Response to Reviewer 2: [Q1] Evaluate the proposed approaches with more metrics. [R1] We will add evaluations on these metrics in the revised paper.

[Q2] Add pseudo code of the proposed approaches, add proper references, and fix grammar issues. [R2] We will add these to the revised paper and polish the paper as a whole.

Response to Reviewer 3: [Q1] The communication cost of sharing features is high. [R1] Thanks for the comment. First, the number of exchanged features is high in each round, but considering the small size of each feature (768-dim vector instead of large images) and the high-speed networks available to healthcare providers, feature exchange is a promising way to greatly improve the performance at the cost of increased communication.
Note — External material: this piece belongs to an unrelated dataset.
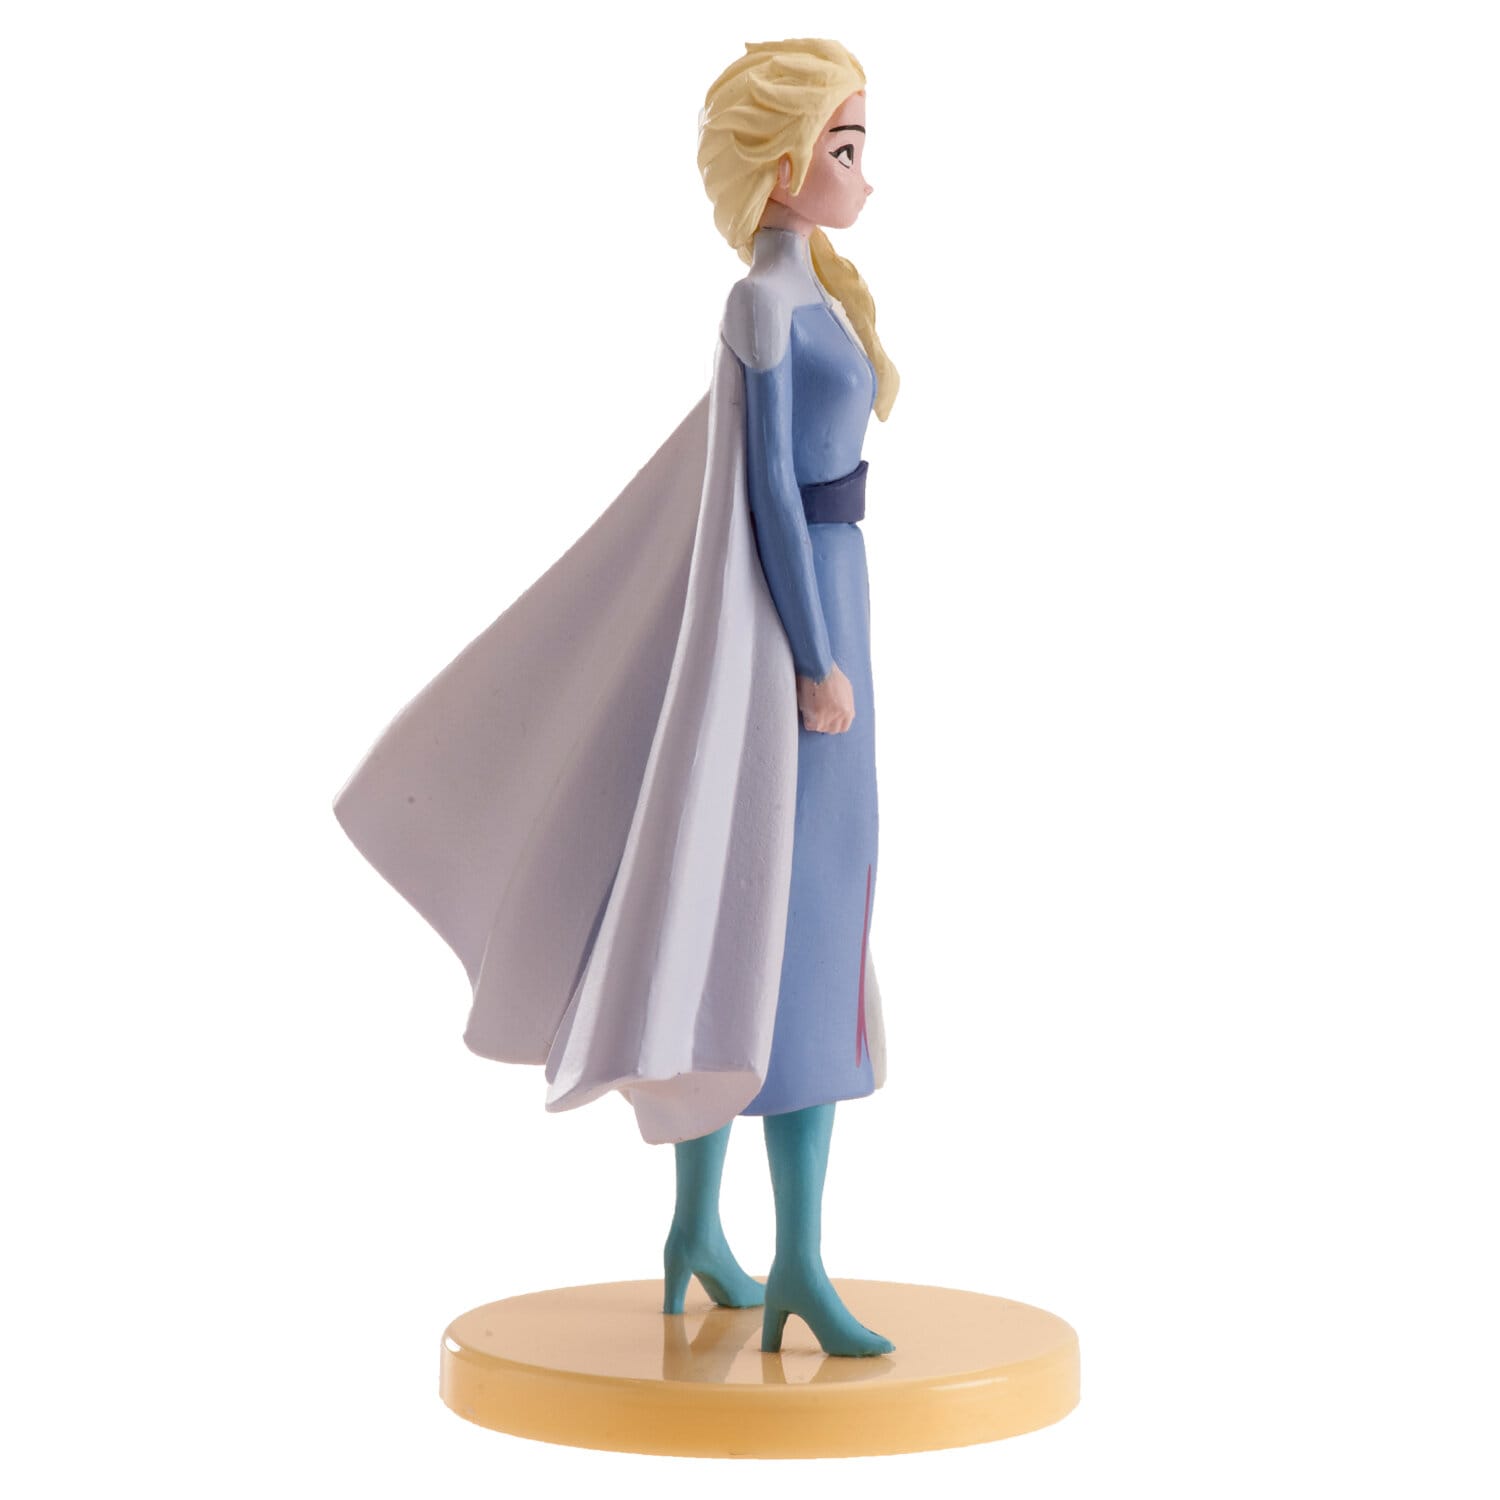 Taartfiguur Frozen 2 - Elsa 9,5 cm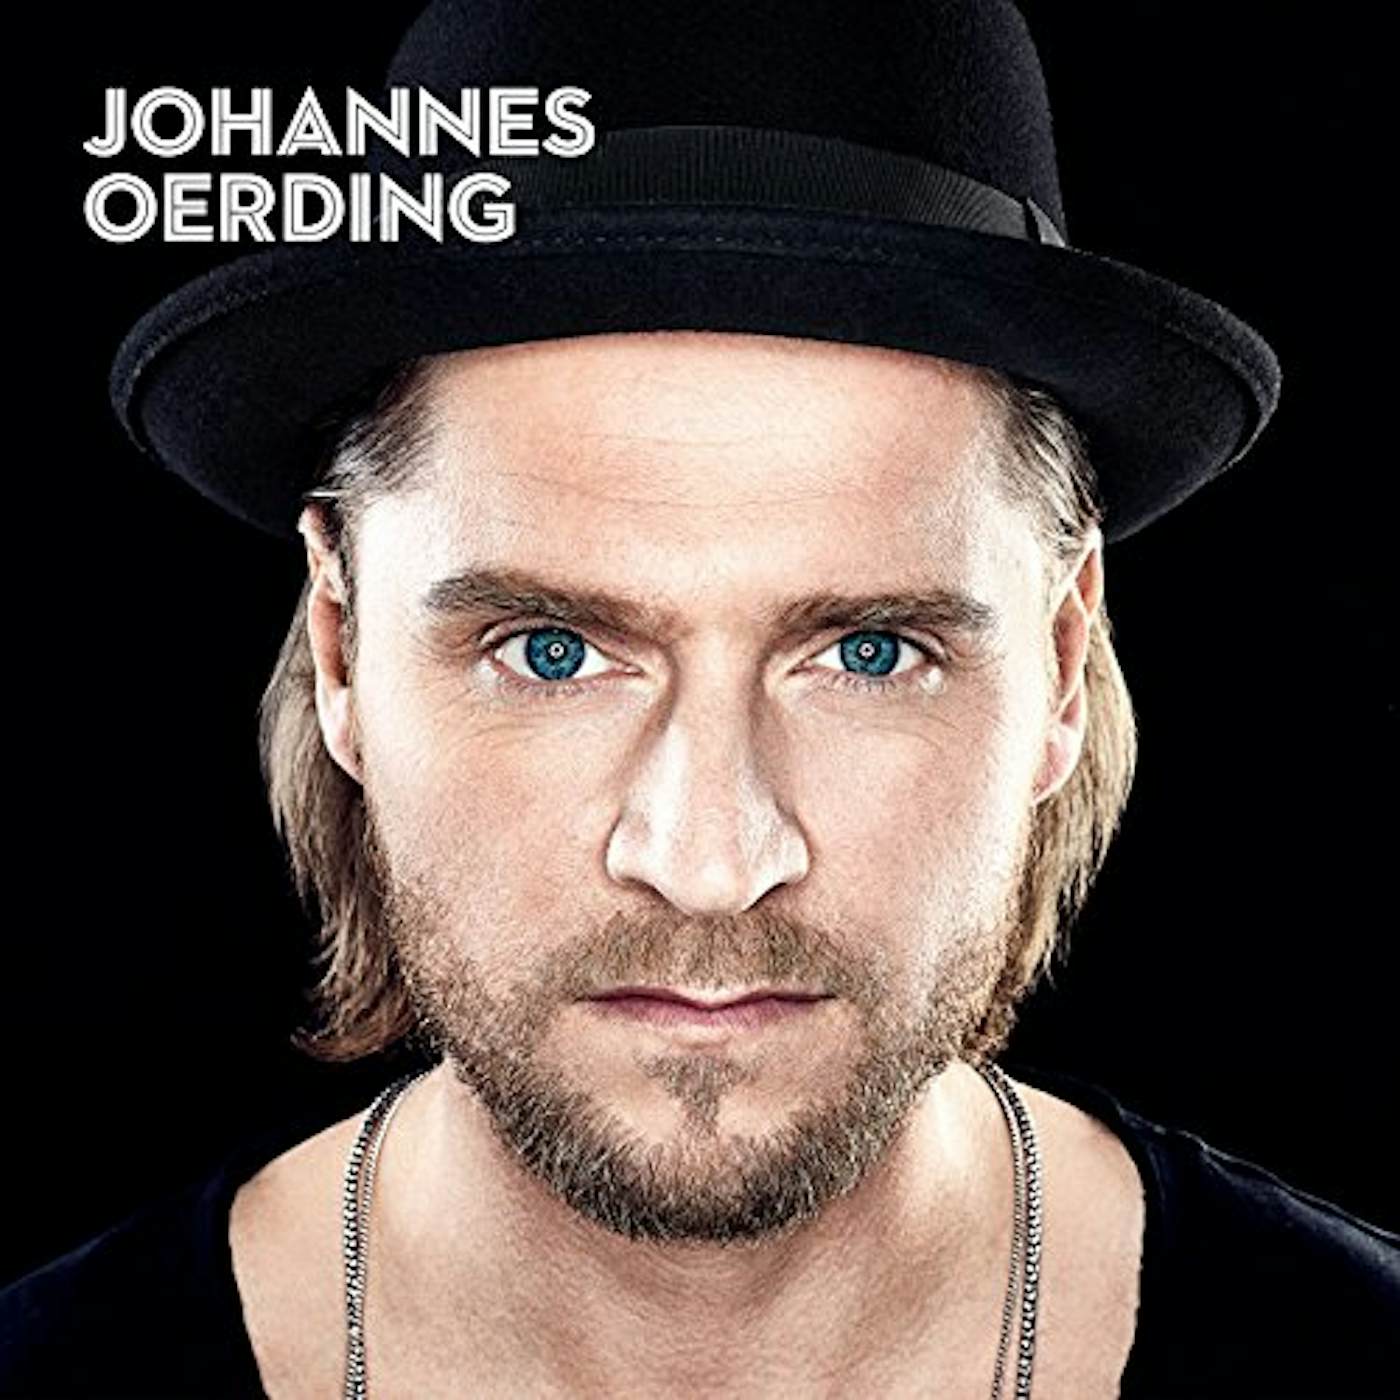 Johannes Oerding KREISE CD

Second, we will explore modifications such as buffering features to reduce the communication cost.

[Q2] The exchanged features increase the model’s vulnerability to inversion attacks. [R2] Inversion attack is an important concern to FL. Existing works (such as DeepObfuscator) can be employed for improved security. We will explore the performance when defenses are used.

[Q3] Detailed model architecture and how to sample the remote positive are not described. [R3] We will add these to the revised paper.

[Q4] Evaluate the method on non-iid data. [R4] FL on non-iid and fully annotated data is already a challenging task, and it is more challenging with fewer annotations, which may need a new paper to solve. We plan to address this challenging setting in future work.